Note that I’ve used mpire with start_method='threading'. You won’t have to use a ThreadPoolExecutor from concurrent.futures if you have mpire 😉

But you can if you want, by changing the job function:

from concurrent.futures import ThreadPoolExecutor

def job(x):
     with ThreadPoolExecutor(4) as executor:
         futures = [executor.submit(foo, x, y) for y in range(20)]
         return [future.result() for future in futures]

Regarding the progress bar, newlines can appear when you have not closed a previous progress bar correctly.

I get the same issue when using forkserver or spawn on linux. It works fine on fork though.

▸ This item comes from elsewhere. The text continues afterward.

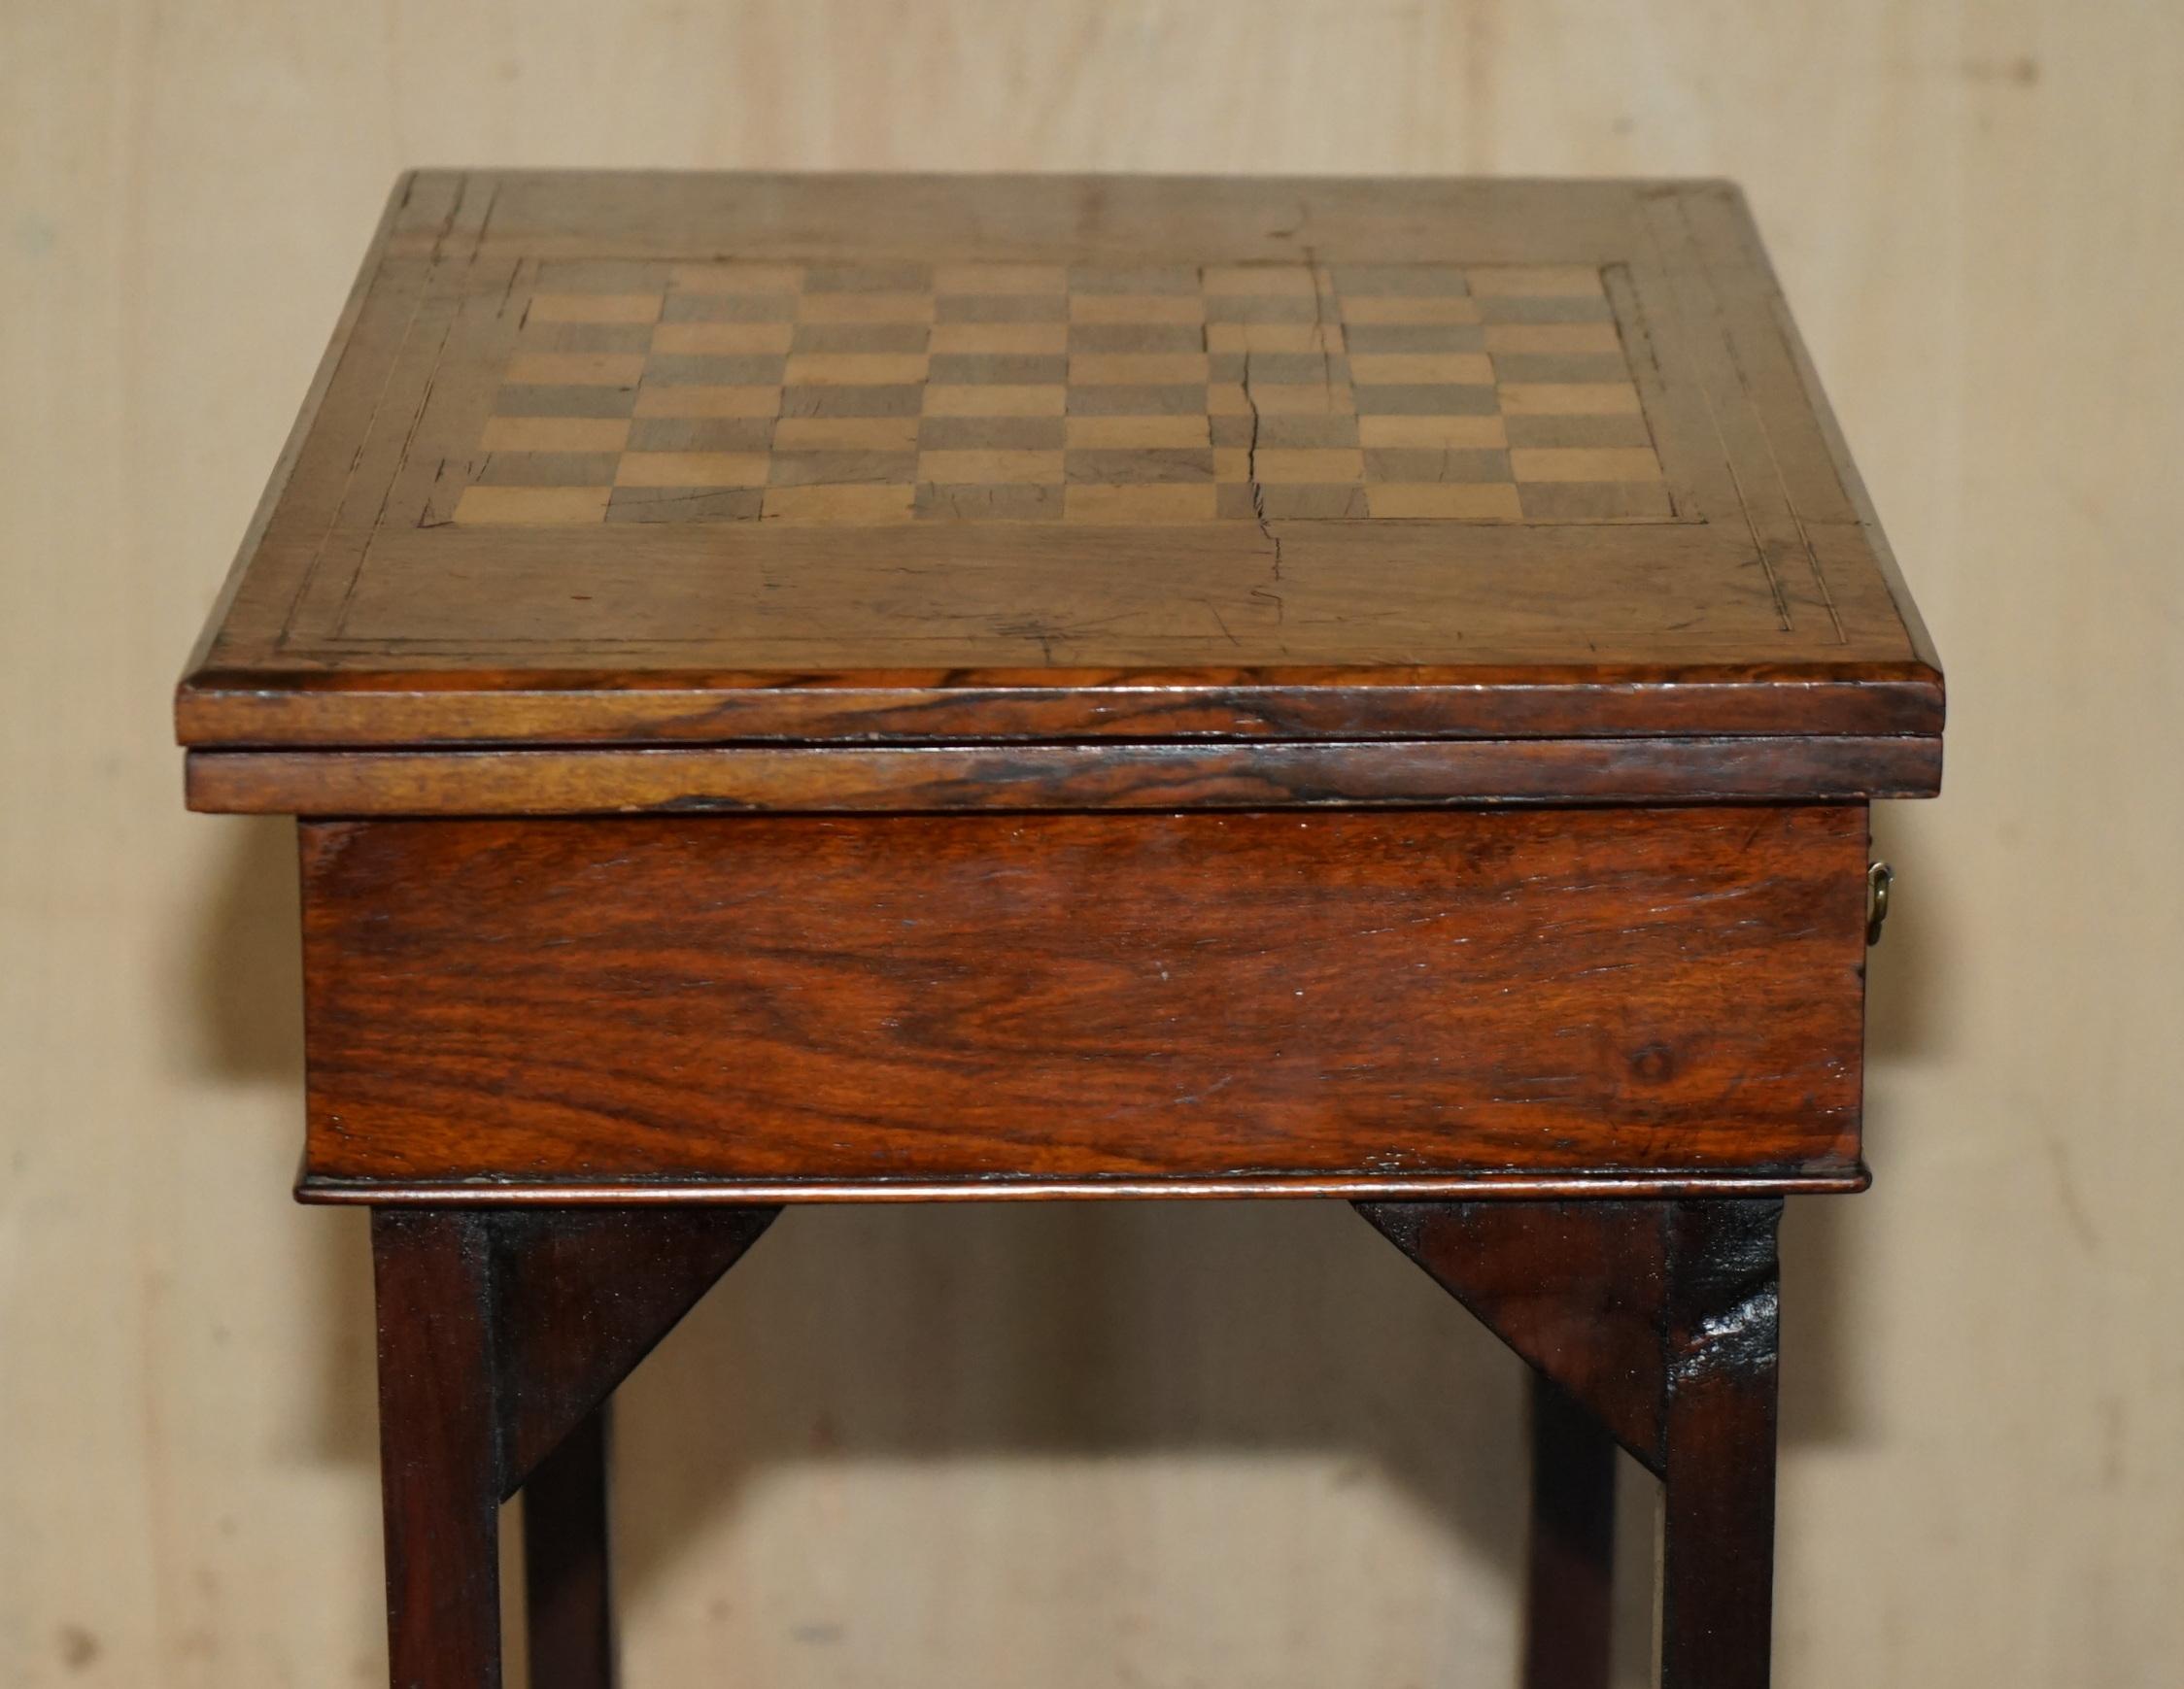 EXQUISITE WALNUT SATINWOOD & HARDWOOD ANTIQUE ViCTORIAN CHESSBOARD GAMES TABLE For Sale 3

I see that it has to do with the syncmanager that’s not pickleable. I will need to update the WorkerInsights class and implement get/set state accordingly.

I’ll work on it when I have the time. In the mean time, if you can use fork, which will fix your issue. If not, then this temporary workaround should work (although it will disable showing the arguments passed on to the longest running tasks):

from mpire import WorkerPool
from unittest.mock import patch
import time


def foo(i):
    time.sleep(1)
    return i * 2

if __name__ == "__main__":
    with patch('mpire.insights.RUNNING_WINDOWS', new=True), WorkerPool(25, daemon=False, start_method="forkserver", enable_insights=True) as pool:
        results = pool.map(foo, range(100), progress_bar=True)
        pool.print_insights()

This will make mpire run as if it would run on Windows. On that platform it disables the use of the syncmanager and should make your problem go away.